The task —
In the entries below, find the line with "1951 Citroën Little" and the line with "Một điểm sạt"; give again those lines and every line between them, exactly.

Data extracted from a collection:
★ ★ ★ ★ ★
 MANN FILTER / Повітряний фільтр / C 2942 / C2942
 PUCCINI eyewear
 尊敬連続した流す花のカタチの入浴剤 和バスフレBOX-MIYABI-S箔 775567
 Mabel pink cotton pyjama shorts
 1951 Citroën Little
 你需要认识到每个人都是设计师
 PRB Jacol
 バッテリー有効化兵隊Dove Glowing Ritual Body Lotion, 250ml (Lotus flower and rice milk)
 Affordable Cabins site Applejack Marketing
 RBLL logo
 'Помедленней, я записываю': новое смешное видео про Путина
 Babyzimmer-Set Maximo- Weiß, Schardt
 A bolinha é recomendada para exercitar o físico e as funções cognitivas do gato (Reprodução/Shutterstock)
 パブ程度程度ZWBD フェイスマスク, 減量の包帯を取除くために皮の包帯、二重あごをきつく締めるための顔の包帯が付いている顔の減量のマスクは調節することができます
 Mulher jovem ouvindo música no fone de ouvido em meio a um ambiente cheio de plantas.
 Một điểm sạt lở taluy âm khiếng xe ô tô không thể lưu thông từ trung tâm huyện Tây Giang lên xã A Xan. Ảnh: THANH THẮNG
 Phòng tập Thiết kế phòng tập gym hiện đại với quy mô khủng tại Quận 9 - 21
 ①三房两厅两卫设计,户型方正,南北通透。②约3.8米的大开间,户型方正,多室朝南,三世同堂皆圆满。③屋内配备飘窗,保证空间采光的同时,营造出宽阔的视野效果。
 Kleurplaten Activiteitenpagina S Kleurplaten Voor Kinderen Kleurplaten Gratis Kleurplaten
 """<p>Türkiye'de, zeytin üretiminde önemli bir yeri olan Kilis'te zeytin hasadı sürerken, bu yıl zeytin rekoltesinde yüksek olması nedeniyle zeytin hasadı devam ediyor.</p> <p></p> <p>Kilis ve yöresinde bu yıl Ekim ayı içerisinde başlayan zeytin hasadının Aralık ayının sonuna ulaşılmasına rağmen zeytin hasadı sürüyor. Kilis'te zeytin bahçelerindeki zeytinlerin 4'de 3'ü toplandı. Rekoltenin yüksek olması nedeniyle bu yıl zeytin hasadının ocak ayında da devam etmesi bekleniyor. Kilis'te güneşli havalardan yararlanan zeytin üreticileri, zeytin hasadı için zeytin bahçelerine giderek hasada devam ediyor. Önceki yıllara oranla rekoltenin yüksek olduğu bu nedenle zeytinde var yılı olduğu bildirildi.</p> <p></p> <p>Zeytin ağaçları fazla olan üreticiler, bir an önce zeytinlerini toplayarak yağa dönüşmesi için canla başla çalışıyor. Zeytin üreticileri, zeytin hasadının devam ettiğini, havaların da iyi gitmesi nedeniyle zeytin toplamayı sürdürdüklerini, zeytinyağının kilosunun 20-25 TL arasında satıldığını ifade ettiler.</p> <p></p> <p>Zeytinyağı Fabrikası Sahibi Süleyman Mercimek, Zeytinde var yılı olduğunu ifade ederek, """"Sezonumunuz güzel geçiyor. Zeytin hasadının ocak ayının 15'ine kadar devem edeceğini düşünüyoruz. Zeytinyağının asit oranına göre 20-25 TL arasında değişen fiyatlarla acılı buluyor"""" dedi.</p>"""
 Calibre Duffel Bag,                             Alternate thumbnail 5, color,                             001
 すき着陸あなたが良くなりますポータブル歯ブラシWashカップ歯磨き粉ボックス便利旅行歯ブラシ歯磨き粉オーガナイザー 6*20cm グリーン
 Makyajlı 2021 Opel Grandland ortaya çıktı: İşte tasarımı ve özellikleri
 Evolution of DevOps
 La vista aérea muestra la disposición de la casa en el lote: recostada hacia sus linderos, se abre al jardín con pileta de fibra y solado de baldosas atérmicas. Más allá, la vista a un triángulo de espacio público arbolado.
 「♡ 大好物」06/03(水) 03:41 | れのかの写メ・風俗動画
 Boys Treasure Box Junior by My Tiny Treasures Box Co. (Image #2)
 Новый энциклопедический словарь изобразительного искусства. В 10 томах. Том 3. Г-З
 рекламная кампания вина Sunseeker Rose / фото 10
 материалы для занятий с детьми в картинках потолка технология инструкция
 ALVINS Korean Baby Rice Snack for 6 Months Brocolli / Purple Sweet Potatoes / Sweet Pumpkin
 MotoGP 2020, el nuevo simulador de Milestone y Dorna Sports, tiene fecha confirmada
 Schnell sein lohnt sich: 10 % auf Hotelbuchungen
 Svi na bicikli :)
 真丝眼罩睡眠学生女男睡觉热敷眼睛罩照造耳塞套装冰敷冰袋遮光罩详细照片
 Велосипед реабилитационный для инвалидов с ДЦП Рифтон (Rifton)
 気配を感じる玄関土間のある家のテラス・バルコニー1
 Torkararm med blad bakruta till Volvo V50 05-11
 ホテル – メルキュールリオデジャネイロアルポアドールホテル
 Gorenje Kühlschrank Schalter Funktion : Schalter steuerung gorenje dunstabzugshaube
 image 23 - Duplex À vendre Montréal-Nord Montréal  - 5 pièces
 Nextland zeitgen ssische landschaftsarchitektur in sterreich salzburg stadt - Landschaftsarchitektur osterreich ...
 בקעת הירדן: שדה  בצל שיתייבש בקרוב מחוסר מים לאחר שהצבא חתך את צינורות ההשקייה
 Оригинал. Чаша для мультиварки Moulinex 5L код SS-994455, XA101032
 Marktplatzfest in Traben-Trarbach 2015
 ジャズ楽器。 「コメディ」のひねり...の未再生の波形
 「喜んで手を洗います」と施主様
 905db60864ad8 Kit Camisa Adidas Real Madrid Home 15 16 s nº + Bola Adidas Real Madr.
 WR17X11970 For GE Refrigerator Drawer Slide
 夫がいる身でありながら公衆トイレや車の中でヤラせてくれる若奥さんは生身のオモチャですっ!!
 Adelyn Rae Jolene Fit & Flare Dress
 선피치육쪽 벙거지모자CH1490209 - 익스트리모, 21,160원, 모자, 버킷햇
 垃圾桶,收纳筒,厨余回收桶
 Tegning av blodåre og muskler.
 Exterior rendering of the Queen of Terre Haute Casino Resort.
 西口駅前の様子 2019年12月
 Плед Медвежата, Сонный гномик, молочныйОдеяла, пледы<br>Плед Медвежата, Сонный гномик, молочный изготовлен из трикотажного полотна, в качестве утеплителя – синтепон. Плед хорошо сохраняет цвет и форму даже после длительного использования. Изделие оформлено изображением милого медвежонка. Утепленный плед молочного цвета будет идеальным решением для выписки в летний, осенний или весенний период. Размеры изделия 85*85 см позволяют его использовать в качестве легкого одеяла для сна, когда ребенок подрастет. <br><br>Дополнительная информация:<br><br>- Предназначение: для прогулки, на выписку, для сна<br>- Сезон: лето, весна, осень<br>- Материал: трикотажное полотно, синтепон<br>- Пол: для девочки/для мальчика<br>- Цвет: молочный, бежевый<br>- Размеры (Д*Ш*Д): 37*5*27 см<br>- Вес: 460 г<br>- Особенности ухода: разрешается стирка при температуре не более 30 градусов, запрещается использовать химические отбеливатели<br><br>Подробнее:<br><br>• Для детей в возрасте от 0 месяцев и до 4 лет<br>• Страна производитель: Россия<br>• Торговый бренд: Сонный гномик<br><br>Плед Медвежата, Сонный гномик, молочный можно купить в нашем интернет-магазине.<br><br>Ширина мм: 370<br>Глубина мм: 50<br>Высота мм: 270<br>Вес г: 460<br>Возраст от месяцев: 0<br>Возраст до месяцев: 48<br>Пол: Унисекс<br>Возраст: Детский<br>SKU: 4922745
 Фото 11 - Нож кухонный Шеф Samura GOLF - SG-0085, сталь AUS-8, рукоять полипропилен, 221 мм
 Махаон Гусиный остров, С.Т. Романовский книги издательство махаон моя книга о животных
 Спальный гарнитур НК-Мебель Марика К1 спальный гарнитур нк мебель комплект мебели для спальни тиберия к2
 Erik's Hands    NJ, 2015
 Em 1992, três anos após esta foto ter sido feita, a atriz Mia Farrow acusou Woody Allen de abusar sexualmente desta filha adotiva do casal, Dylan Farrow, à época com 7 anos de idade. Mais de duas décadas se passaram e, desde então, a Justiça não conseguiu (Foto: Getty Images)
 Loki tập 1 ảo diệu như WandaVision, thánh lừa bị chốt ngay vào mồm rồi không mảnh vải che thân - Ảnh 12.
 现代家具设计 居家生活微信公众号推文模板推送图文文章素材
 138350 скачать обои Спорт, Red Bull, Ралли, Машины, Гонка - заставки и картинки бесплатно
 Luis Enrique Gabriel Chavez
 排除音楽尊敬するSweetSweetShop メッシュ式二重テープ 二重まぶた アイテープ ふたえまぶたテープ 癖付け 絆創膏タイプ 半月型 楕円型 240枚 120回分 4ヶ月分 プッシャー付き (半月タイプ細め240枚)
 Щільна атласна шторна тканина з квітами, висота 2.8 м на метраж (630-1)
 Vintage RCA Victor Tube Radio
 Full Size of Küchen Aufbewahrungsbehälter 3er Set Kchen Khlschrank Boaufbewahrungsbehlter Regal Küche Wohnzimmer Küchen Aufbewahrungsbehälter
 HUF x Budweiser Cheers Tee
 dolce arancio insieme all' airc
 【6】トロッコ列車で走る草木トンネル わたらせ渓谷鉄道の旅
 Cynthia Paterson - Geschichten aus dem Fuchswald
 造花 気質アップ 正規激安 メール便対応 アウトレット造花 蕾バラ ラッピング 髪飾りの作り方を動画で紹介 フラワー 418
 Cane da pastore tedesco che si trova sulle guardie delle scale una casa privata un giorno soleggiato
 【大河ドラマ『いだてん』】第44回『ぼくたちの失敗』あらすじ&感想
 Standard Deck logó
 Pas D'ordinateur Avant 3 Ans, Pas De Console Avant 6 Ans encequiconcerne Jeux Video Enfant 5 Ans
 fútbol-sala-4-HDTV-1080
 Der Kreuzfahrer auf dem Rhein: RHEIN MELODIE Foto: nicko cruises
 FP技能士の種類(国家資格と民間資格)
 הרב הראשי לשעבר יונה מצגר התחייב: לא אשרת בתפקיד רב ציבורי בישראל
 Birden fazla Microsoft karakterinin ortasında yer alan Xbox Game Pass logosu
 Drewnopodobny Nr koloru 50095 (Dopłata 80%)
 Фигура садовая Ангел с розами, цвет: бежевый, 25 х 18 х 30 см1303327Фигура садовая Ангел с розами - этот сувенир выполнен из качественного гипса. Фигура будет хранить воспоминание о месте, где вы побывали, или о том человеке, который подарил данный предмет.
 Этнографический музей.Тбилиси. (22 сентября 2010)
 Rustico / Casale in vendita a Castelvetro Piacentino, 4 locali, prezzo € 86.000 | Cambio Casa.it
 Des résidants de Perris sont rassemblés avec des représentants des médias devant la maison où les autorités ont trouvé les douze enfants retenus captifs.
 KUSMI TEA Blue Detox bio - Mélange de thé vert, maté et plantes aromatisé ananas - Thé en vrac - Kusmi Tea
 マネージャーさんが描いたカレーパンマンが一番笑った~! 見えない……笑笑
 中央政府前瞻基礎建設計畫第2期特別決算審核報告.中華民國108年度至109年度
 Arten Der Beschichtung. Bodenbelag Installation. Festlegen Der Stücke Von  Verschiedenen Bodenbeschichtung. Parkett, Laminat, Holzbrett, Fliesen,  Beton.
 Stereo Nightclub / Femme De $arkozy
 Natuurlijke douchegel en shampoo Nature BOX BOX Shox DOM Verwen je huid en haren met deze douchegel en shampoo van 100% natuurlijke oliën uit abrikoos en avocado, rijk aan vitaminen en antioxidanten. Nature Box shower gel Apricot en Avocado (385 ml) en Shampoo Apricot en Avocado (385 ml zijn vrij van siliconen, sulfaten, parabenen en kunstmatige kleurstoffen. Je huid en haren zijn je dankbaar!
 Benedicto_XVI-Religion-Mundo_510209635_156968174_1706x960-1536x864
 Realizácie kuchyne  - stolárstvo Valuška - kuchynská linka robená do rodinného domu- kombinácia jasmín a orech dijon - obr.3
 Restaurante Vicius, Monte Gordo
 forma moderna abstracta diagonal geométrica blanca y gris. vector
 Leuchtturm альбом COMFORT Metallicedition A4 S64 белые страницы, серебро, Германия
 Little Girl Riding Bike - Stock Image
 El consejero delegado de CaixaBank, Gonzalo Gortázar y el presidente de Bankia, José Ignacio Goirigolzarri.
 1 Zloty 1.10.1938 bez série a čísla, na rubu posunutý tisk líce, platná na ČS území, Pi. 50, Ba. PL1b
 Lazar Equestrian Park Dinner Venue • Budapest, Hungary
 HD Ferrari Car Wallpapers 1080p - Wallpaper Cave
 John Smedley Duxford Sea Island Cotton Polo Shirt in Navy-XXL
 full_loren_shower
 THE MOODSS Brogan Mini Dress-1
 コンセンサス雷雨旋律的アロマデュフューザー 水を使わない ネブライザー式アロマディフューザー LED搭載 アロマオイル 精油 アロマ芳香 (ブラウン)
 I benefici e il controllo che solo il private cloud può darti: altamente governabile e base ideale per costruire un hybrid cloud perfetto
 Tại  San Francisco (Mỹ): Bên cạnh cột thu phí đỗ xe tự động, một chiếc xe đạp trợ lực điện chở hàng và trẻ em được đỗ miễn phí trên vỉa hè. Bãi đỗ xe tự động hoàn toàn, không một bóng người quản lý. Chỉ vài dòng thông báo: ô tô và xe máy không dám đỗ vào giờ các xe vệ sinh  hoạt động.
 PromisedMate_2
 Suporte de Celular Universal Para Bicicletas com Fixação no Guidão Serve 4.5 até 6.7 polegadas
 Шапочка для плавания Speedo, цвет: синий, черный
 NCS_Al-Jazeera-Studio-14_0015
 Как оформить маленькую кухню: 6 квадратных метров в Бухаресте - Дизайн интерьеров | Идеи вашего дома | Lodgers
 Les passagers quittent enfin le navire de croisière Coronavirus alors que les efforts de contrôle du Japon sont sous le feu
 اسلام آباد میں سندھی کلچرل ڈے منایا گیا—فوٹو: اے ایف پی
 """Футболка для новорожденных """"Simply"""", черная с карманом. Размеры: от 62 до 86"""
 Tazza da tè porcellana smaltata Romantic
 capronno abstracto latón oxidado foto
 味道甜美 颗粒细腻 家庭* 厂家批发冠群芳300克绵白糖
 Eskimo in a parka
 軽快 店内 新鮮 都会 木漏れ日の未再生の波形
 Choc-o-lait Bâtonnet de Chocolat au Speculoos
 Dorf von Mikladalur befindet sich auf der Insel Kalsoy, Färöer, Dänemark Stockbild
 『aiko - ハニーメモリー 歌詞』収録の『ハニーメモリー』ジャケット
★ ★ ★ ★ ★
Answer for this exercise —
 1951 Citroën Little
 你需要认识到每个人都是设计师
 PRB Jacol
 バッテリー有効化兵隊Dove Glowing Ritual Body Lotion, 250ml (Lotus flower and rice milk)
 Affordable Cabins site Applejack Marketing
 RBLL logo
 'Помедленней, я записываю': новое смешное видео про Путина
 Babyzimmer-Set Maximo- Weiß, Schardt
 A bolinha é recomendada para exercitar o físico e as funções cognitivas do gato (Reprodução/Shutterstock)
 パブ程度程度ZWBD フェイスマスク, 減量の包帯を取除くために皮の包帯、二重あごをきつく締めるための顔の包帯が付いている顔の減量のマスクは調節することができます
 Mulher jovem ouvindo música no fone de ouvido em meio a um ambiente cheio de plantas.
 Một điểm sạt lở taluy âm khiếng xe ô tô không thể lưu thông từ trung tâm huyện Tây Giang lên xã A Xan. Ảnh: THANH THẮNG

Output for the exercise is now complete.